Последнее слово он должен был отыскать, а отыскав, заметно воспрял.
Действительно, обильный туман скрыл документ, его смысл едва–едва просвечивал.
Если верить Буллиту, он приехал в Россию, чтобы выяснить, согласна ли она на мир и на каких условиях. Если же внять документу, который лежит сейчас на столе между Чичериным и Буллитом, то эта цель много скромнее. В сравнении с истинными намерениями миссии формула, воссозданная в документе, игнорирует задачу переговоров. Там значится: Буллит едет в Россию, всего лишь чтобы ознакомиться с состоянием ее дел, в том числе и экономических. Но Буллит тут не первый и не последний; маскировка, даже вот такая нехитрая, в природе дипломатии — факт своеобразной аккредитации Буллита грамота, им предъявленная русским, удостоверяет, остальное можно не принимать во внимание.
Чичерин читает документ Буллита и время от времени поглядывает на американца.
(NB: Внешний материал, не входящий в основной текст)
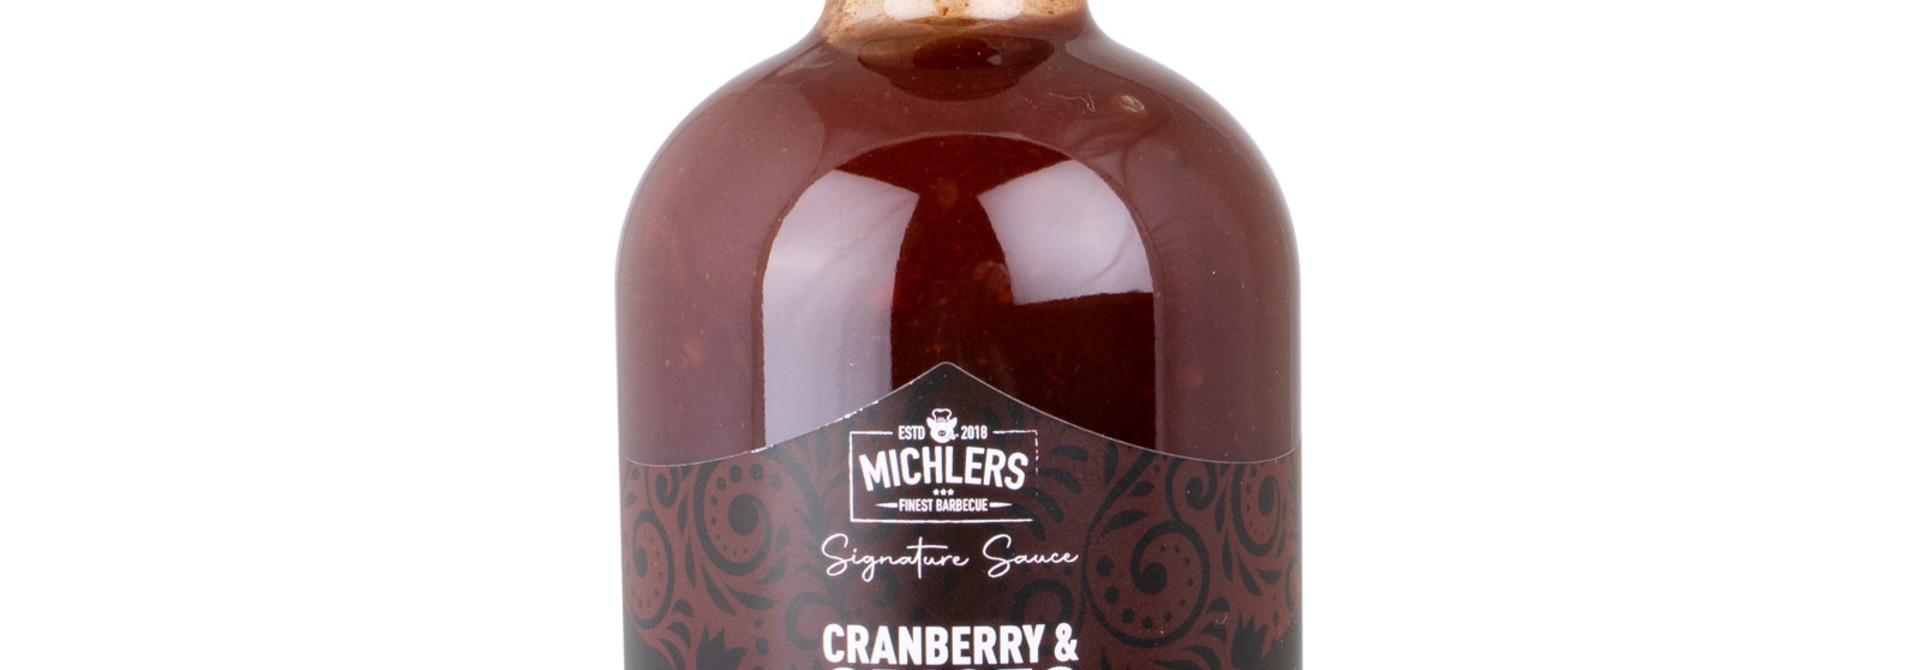 Michler's Finest - Cranberry & Spices BBQ Sauce

Нет, не только дождливая парижская зима, но и вихрь версальских заседаний, в которых, по всему, не было передыху ни днем, ни ночью, выбелили лицо Буллита. Будто он переболел малярией — типичная для этого недуга белизна кожи с прозеленью. Устал юноша, впрочем, улыбка будто снимает с лица усталость. Американец, можно предположить, знает, что улыбка красит его, и обращается к ней, пожалуй, даже чаще, чем надо, тут ему явно изменяет чувство меры.
— Если дело дойдет до мира, — произносит Буллит, — своеобразной мирной конференции нам не избежать — быть может, Кипр, Мальта, а еще лучше Принце вы острова! Россия приглашается на Принце вы острова для переговоров о мире! — он перестает улыбаться, и лицо темнеет — устал. — В действиях воюющих сторон как бы наступает пауза, линия фронта превращается в новые границы, разумеется, до той поры, когда сами народы, населяющие Россию, пожелают ее изменить. Быть может, это и второстепенно, но свободное передвижение из страны в страну должно быть разрешено: русский едет во Францию, как и француз едет в Россию, но при условии — никакой политики!
По тому, как он излагает параграф за параграфом мирную программу Антанты, хочется верить: он сочувствует этой программе, Может даже закрасться мысль, что он был одним из ее авторов. Склонившись к этой программе и согласившись поехать в Россию, не выразил ли он таким образом уверенность, что русские программу примут? Если не верить этому, зачем же ехать в Россию?
— Пусть мир будет желанным и для тех, кто смотрит на небо через железную решетку, поможем им выйти на свободу! — произносит Буллит. — Кстати, пусть своеобразная амнистия распространится и на солдата, сидящего ныне в окопах: вернуть солдат если не в семьи, то на родину… — он умолк. Да нет ли в его словах усиления, неуместного усиления? — Ну разумеется, когда дело дойдет до договора, мы найдем другие слова, но не в такой мере, чтобы изменилась суть…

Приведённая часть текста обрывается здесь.